Re: git: 589aed00e36c - main - sched: separate out schedinit_ap()

From: Mark Johnston <markj_at_freebsd.org>
Date: Wed, 17 Nov 2021 23:25:55 UTC
On Thu, Nov 18, 2021 at 01:10:17AM +0200, Konstantin Belousov wrote:
> On Wed, Nov 17, 2021 at 04:44:29PM -0600, Kyle Evans wrote:
> > On Wed, Nov 3, 2021 at 3:55 PM Kyle Evans <kevans@freebsd.org> wrote:
> > >
> > > The branch main has been updated by kevans:
> > >
> > > URL: https://cgit.FreeBSD.org/src/commit/?id=589aed00e36c22733d3fd9c9016deccf074830b1
> > >
> > > commit 589aed00e36c22733d3fd9c9016deccf074830b1
> > > Author:     Kyle Evans <kevans@FreeBSD.org>
> > > AuthorDate: 2021-11-02 18:06:47 +0000
> > > Commit:     Kyle Evans <kevans@FreeBSD.org>
> > > CommitDate: 2021-11-03 20:54:59 +0000
> > >
> > >     sched: separate out schedinit_ap()
> > >
> > >     schedinit_ap() sets up an AP for a later call to sched_throw(NULL).
> > >
> > >     Currently, ULE sets up some pcpu bits and fixes the idlethread lock with
> > >     a call to sched_throw(NULL); this results in a window where curthread is
> > >     setup in platforms' init_secondary(), but it has the wrong td_lock.
> > >     Typical platform AP startup procedure looks something like:
> > >
> > >     - Setup curthread
> > >     - ... other stuff, including cpu_initclocks_ap()
> > >     - Signal smp_started
> > >     - sched_throw(NULL) to enter the scheduler
> > >
> > >     cpu_initclocks_ap() may have callouts to process (e.g., nvme) and
> > >     attempt to sched_add() for this AP, but this attempt fails because
> > >     of the noted violated assumption leading to locking heartburn in
> > >     sched_setpreempt().
> > >
> > >     Interrupts are still disabled until cpu_throw() so we're not really at
> > >     risk of being preempted -- just let the scheduler in on it a little
> > >     earlier as part of setting up curthread.
> > >
> > 
> > What's the general consensus on potential out-of-tree archs maintained
> > on stable branches?
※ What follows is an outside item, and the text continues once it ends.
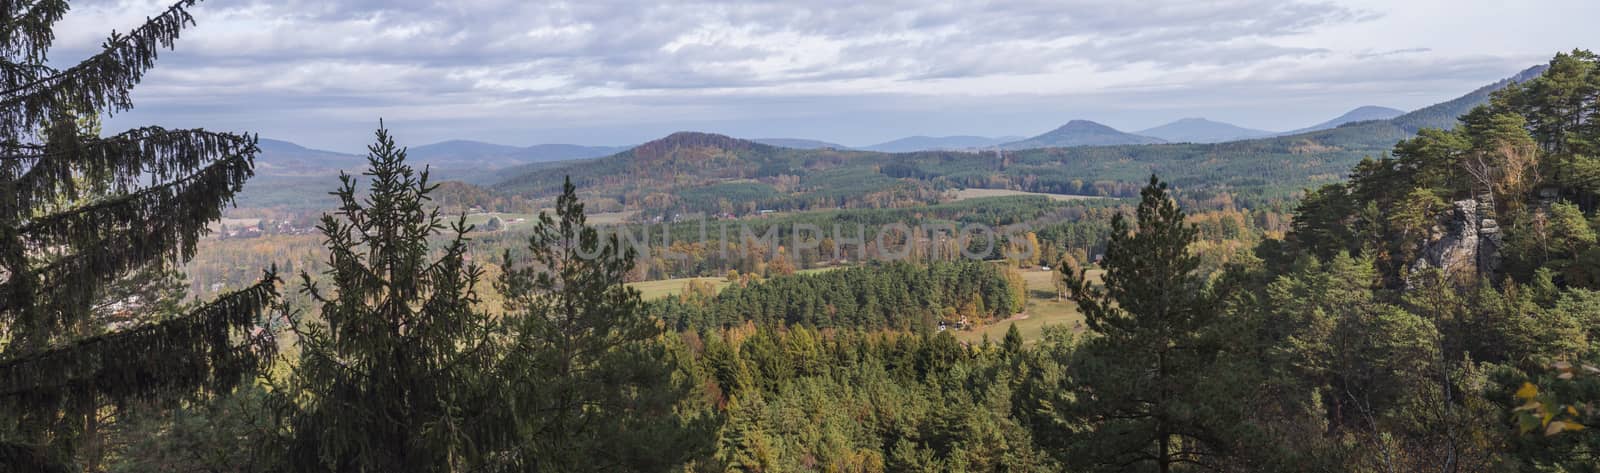 Panoramic view from Hrabencina vyhlidka on village Sloup v cechach in luzicke hory, Lusatian Mountains with autumn colored deciduous and coniferous tree forest and green hills, blue sky, white clouds.
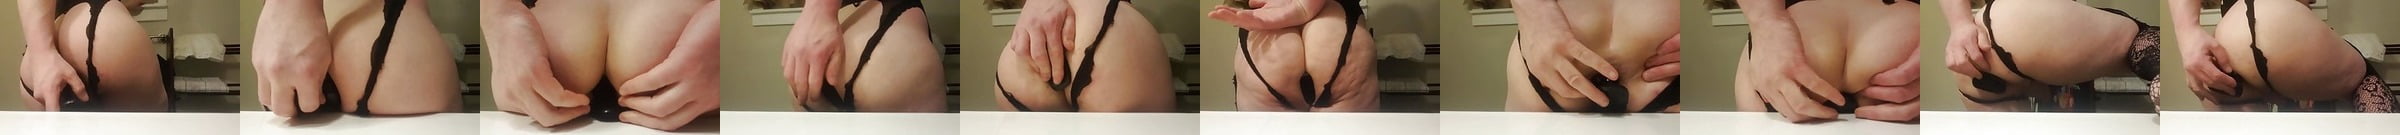 Sissy First Time Anal Shemale Porn Videos XHamster

I'd like to MFC this at least to stable/13 to
> > avoid it being in the way of the nvme change that spurred it, and I'm
> > trying to decide if it should have something like this added to make
> > it safe:
> I do not believe that we even think of guaranteeing this level of source
> stability.

At first I assumed this was referencing sparc64, but that is not present
in stable/13 either.  I believe stable/13 and main support the same set
of platforms, in which case I agree that we shouldn't bother with trying
to provide extra compatibility, and I think it's probably not necessary
to merge this to 12.

> > 
> > diff --git a/sys/kern/sched_ule.c b/sys/kern/sched_ule.c
> > index 217d685b8587..f07f5e91d8f3 100644
> > --- a/sys/kern/sched_ule.c
> > +++ b/sys/kern/sched_ule.c
> > @@ -2995,6 +2995,11 @@ sched_throw(struct thread *td)
> > 
> >         tdq = TDQ_SELF();
> >         if (__predict_false(td == NULL)) {
> > +               if (tdq == NULL || PCPU_GET(idlethread)->td_lock !=
> > +                   TDQ_LOCKPTR(tdq)) {
> > +                       schedinit_ap();
> > +                       tdq = TDQ_SELF();
> > +               }
> >                 TDQ_LOCK(tdq);
> >                 /* Correct spinlock nesting. */
> >                 spinlock_exit();
> > 
>